Future research should see if the patterns of selection described here for Chinese students abroad also apply to other flows of international students. It would be particularly interesting to study if our prediction matches the selection pattern of Chinese in the US, whose system of tertiary education is, at least, as stratified as the British one and requires enormous financial efforts from enrolled students and their families. Future research should also unveil if the same patterns hold for other highly skilled migrants who are likely to display homogenous individuality traits across countries. We consider this paper as an invitation to interested scholars to pursue these lines of thought.

Disclosure statement

The authors report that there are no competing interests to declare.

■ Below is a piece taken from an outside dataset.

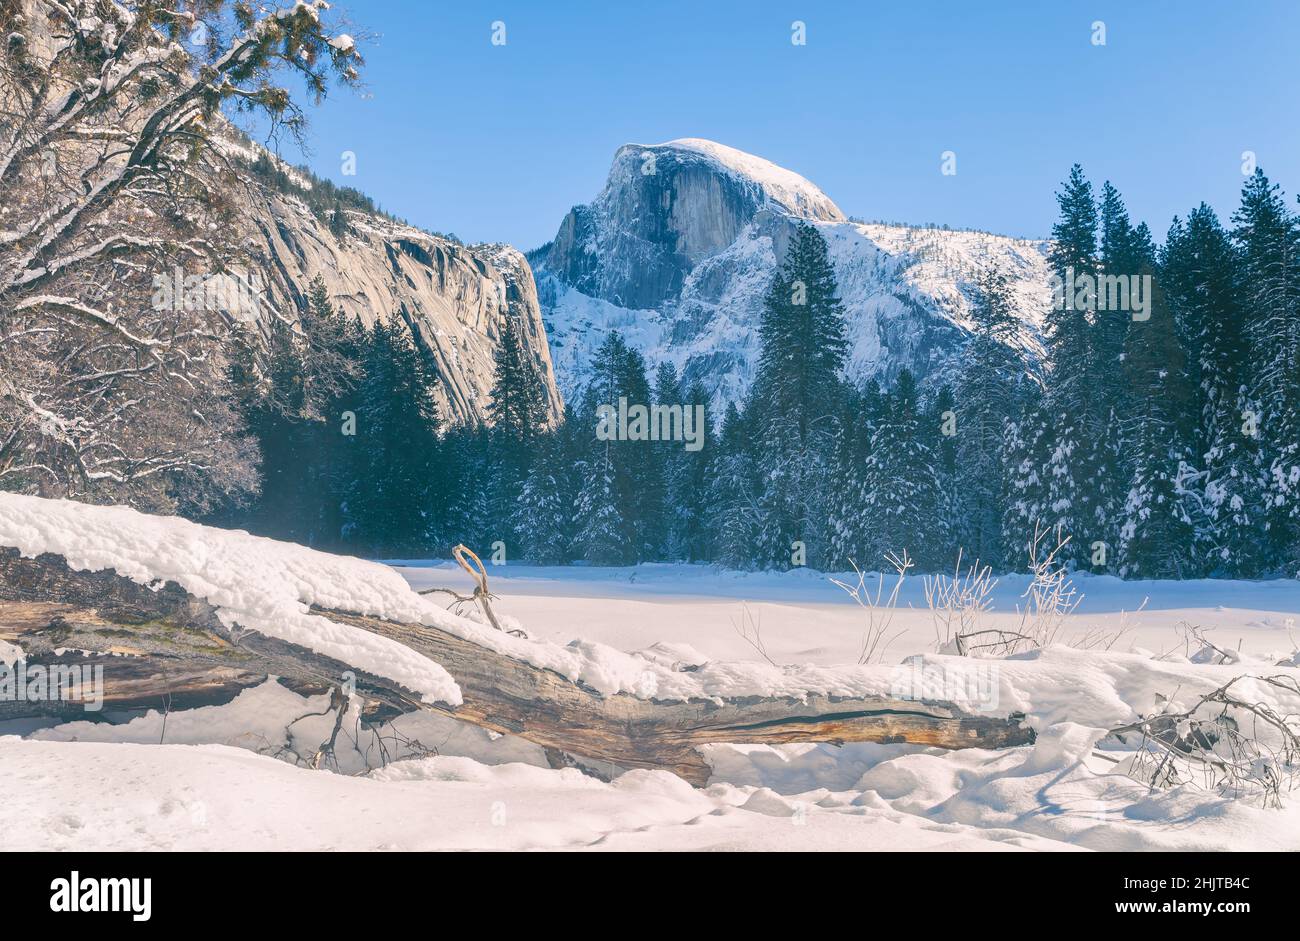 Cook Meadow covered with snow, with view of the iconic Half Dome Peak, in Yosemite National Park, California, USA. Stock Photo

Data availability statement

The data that support the findings of this study are openly available in UK Data Service at https://reshare.ukdataservice.ac.uk/854291/, reference number 10.5255/UKDA-SN-853568.

Additional information

Funding

This work was supported by Deutsche Forschungsgemeinschaft [FA284/6-1]; Economic and Social Research Council [ES/L015633/1]; National Natural Science Foundation of China [71461137004].

Notes on contributors

Héctor Cebolla-Boado

Héctor Cebolla-Boado is Senior Scientist at the National Research Council, Institute of Economics, Demography and Geography (Madrid, Spain). He obtained his PhD, from the University of Oxford. He has been an associate professor of Sociology at UNED (Madrid, Spain), and a visiting professor at Pompeu Fabra University (Barcelona, Spain) and the University of Bielefeld (Germany). His research deals with the explanation of ethnic differentials in education and health among migrants and natives, both in countries of origin and destination.

Yasemin Nuhoglu Soysal

Yasemin Nuhoglu Soysal is Research Professor of Global Sociology at WZB Berlin (https://www.wzb.eu/en/persons/yasemin-soysal), Professor of Sociology at Free University Berlin, and leading research member of the SCRIPTS Cluster of Excellence (https://www.scripts-berlin.eu). Her current research focuses on the transnationally standardized script of agentic, meritocratic citizenship and its comparative scope, enactments, and paradoxical outcomes.

Notes

1 https://uis.unesco.org/en/uis-student-flow (accessed 21st August 2023).

2 An alternative modeling strategy in our case would be structural equations, a method widely used in research on higher education (Green Citation2016). Despite its obvious advantages for identifying causal relations between observable and latent variables, our paper does not hypothesize the association between observable and unobservable characteristics, a question that we expect to be the focus of further research using Bright Futures data.

3 In the case of China, government funding is mainly reserved for research degrees and doctoral studies (Fedasiuk Citation2020).

4 In addition, our data was drawn at the time of Brexit, with heightened and negative public debate on migration, which may have disincentivized the choice of students with ultimate migration motivations.